Gruppo Hera: la multiutility dell’energia innova scommettendo sulla “Circular Smart City”

La società attiva nella gestione rifiuti, in ambito idrico e nei servizi energetici intende varare entro l’anno progetti in cui verranno integrati gli obiettivi dell’economia circolare e i principi della “città intelligente”. Ha inoltre avviato la Virtual Factory, un team interno per iniziative trasversali tra più unità

Pubblicato il 04 Mag 2018

Città ed economia circolare

Hera, quotata in Borsa dal 2003, ha compiuto 15 anni il 1° novembre 2017 ed è oggi tra le maggiori multiutility nazionali, operativa principalmente nei settori ambiente (gestione rifiuti), idrico (acquedotto, fognature e depurazione) ed energia (distribuzione e vendita di energia elettrica, gas e servizi energia). Si aggiungono poi l’illuminazione pubblica e i servizi di telecomunicazione.

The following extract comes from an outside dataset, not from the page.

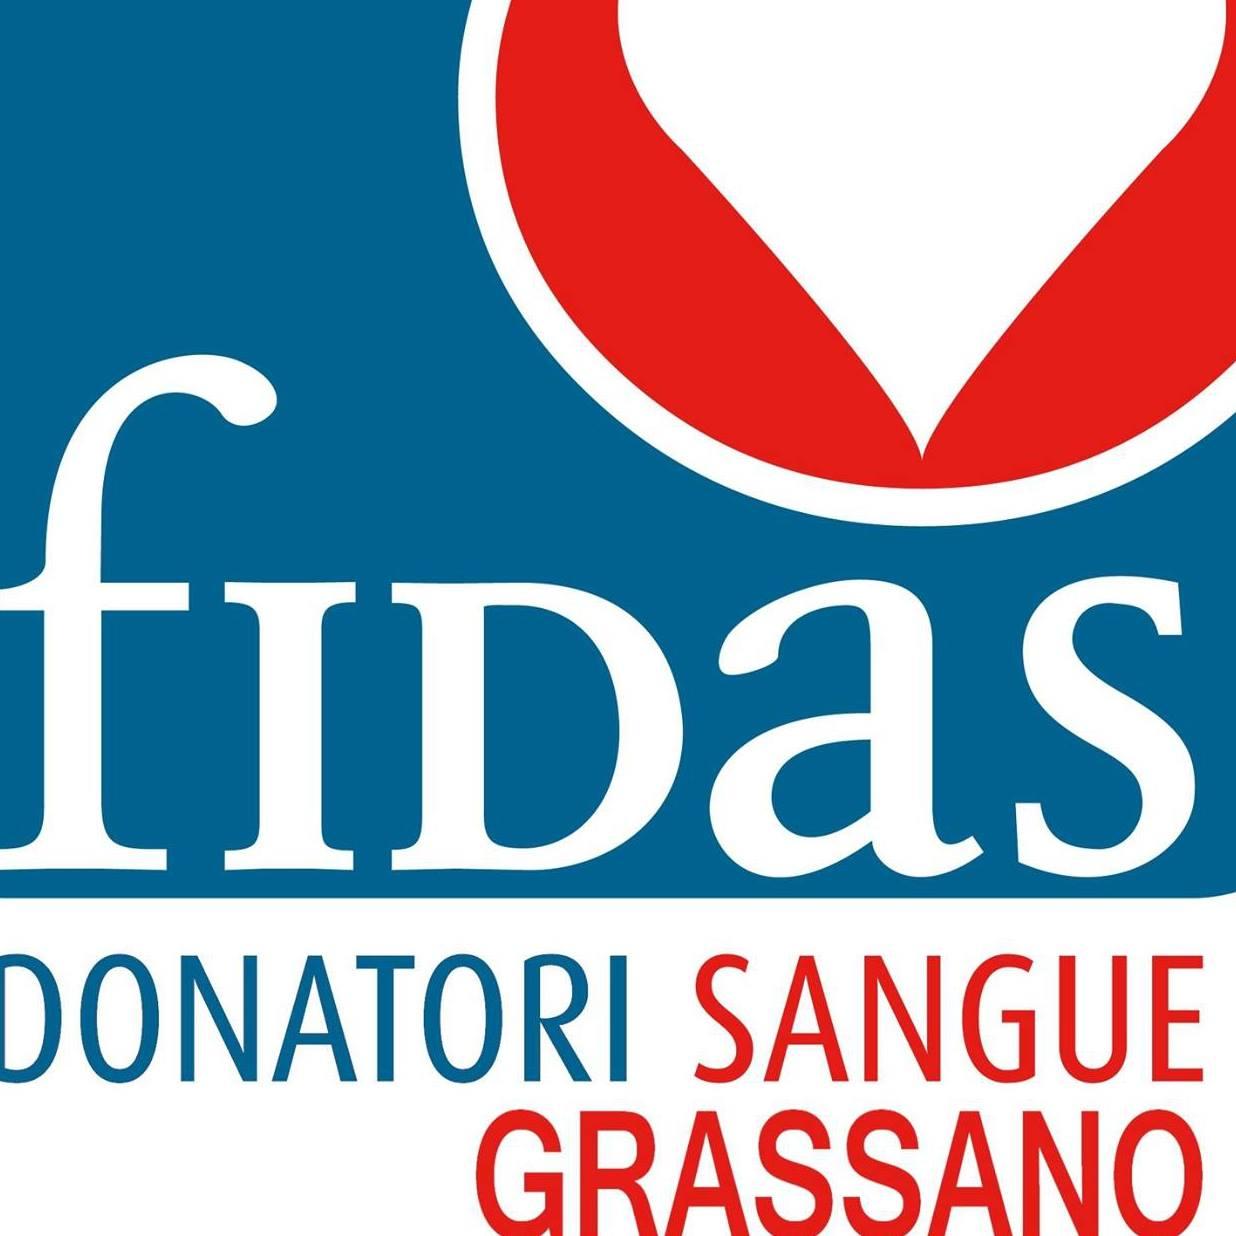 Fidas Grassano

Nel panorama dei servizi pubblici italiani, Gruppo Hera vanta importanti numeri: quasi 9.000 dipendenti che soddisfano i bisogni di 4,4 milioni di cittadini in circa 350 comuni dell’Emilia-Romagna, Friuli-Venezia Giulia, Marche, Toscana e Veneto.

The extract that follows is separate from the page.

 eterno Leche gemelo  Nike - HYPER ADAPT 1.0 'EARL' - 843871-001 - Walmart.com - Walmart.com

Nell’esercizio 2017 il Gruppo ha visto un progresso di circa 46 milioni di euro a livello di utile netto; grazie a una sana performance operativa, un’efficiente gestione finanziaria e una efficace gestione fiscale, Hera ha migliorato ulteriormente la propria posizione finanziaria netta.

In Hera l’innovazione è una delle linee di sviluppo strategiche con focus su alcuni ambiti specifici: Economia Circolare, ossia l’applicazione dell’approccio Circular Economy a tutte i business aziendali; Customer Experience, per comprendere meglio le esigenze dei consumatori e aumentare la loro soddisfazione; Utility 4.0, che applica i principi e le linee evolutive dell’Industria 4.0 a questo settore specifico con enfasi sulla gestione dei dati; e la Circular Smart City, in cui vengono integrati gli obiettivi della Circular Economy e i principi della Smart City.

Queste linee di innovazione vengono declinate nelle modalità sia di innovazione incrementale sia di quella disruptive. Mentre la prima viene gestita a livello delle singole Direzioni, dove spesso risulta maggiore l’efficienza e la competenza tecnologica rispetto a quelle di una Funzione di staff, l’innovazione disruptive è di pertinenza dalla Direzione Centrale Innovazione, guidata da Salvatore Molè. In questa struttura sono incluse la Direzione Servizi Informativi, Acantho, ossia la società del Gruppo che si occupa di connettività e di servizi hardware, e la Direzione Sviluppo, che indirizza le linee di sviluppo dell’azienda e gestisce i progetti di innovazione disruptive e trasversali.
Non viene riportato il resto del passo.